Record set >>
◇ ◇ ◇
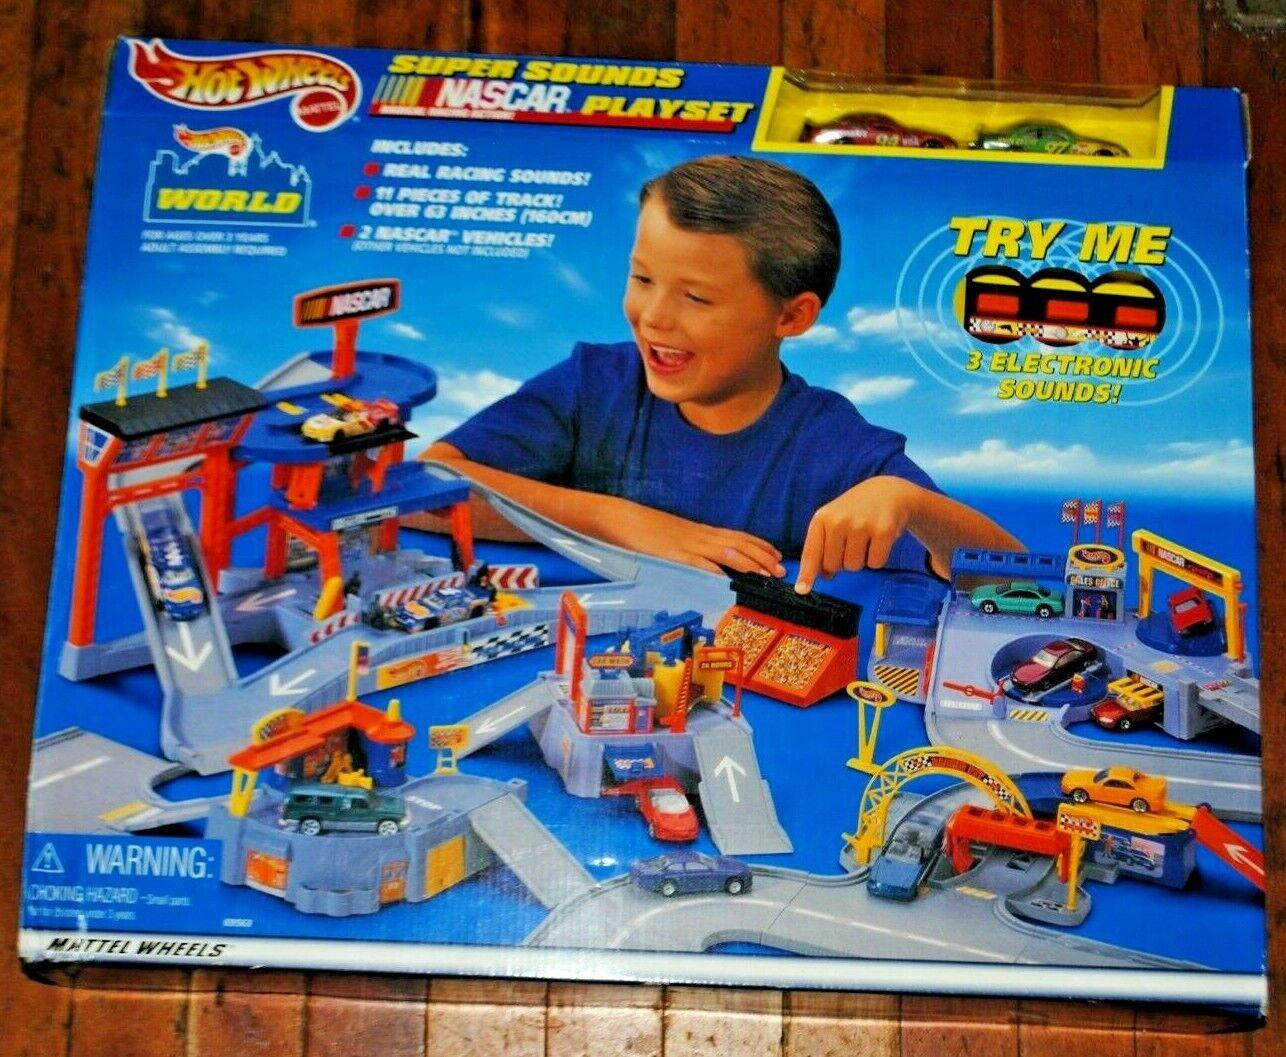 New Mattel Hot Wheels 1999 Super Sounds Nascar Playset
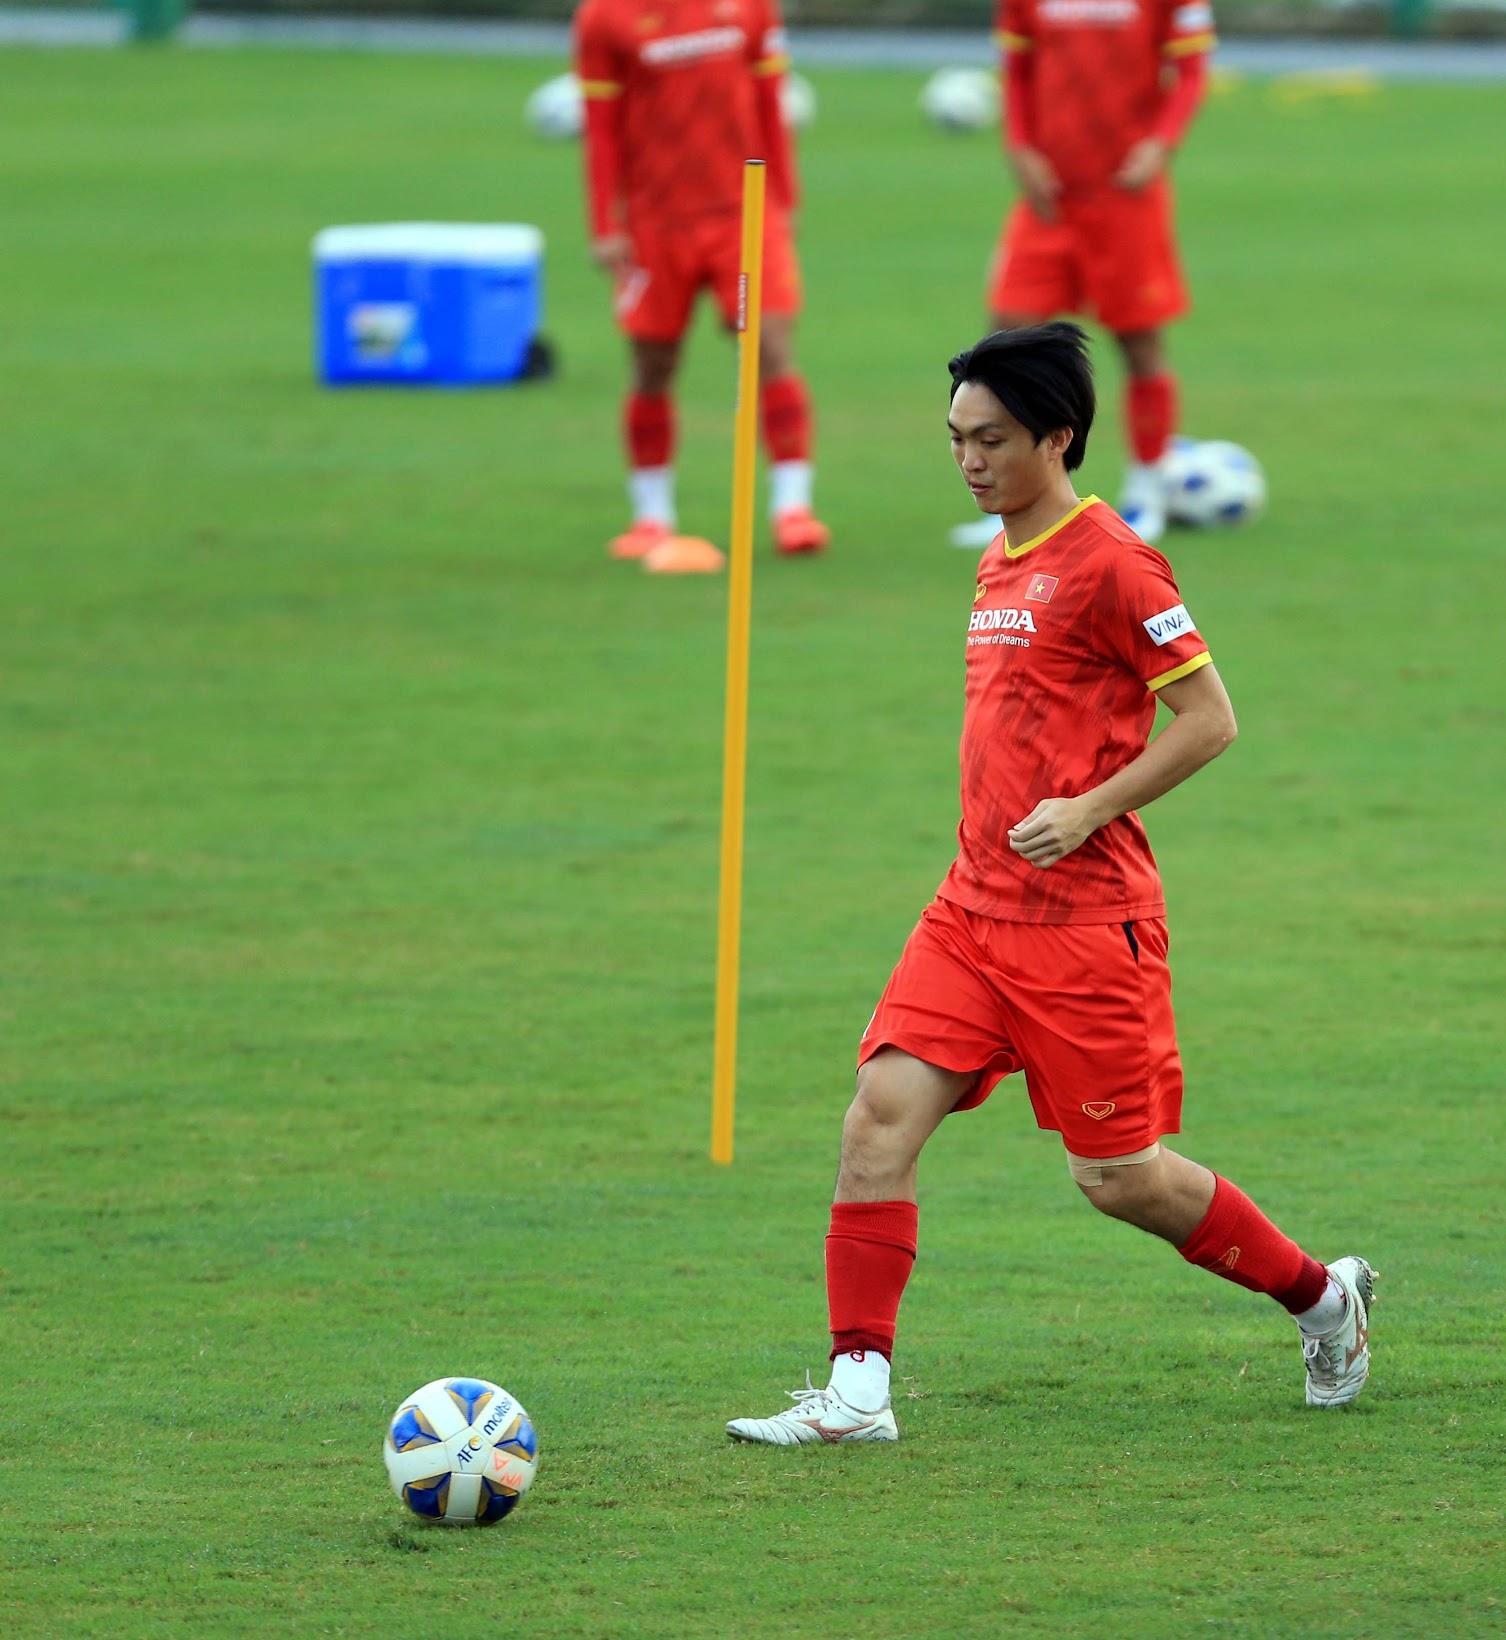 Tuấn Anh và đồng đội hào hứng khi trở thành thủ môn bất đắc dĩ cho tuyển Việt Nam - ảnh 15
◇ ◇ ◇
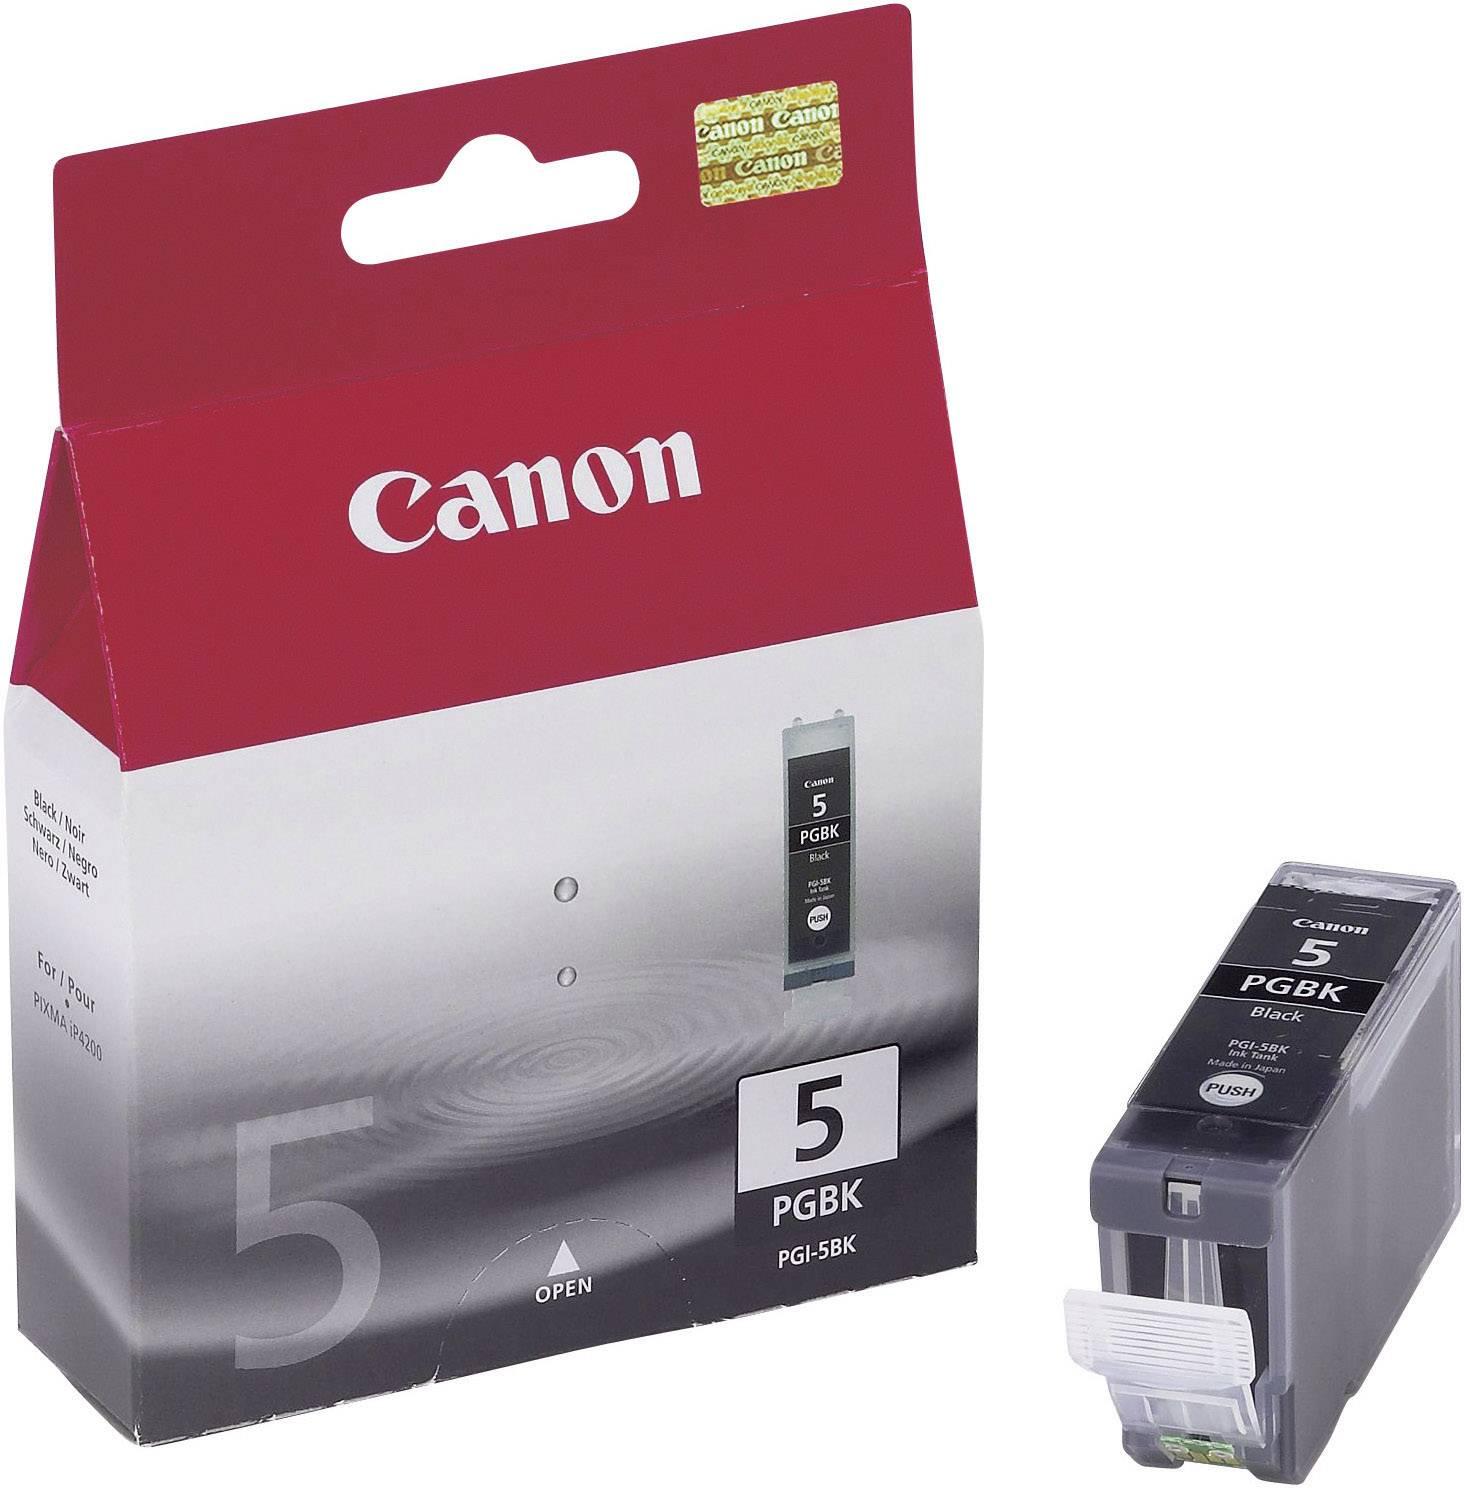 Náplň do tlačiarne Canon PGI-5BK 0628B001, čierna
◇ ◇ ◇
Exercise >> An exact copy is needed. It runs from the line above containing "New Mattel Hot" down to the line containing "Tuấn Anh và", both included, with no pictures.

Written reply >>
 New Mattel Hot Wheels 1999 Super Sounds Nascar Playset
 Tuấn Anh và đồng đội hào hứng khi trở thành thủ môn bất đắc dĩ cho tuyển Việt Nam - ảnh 15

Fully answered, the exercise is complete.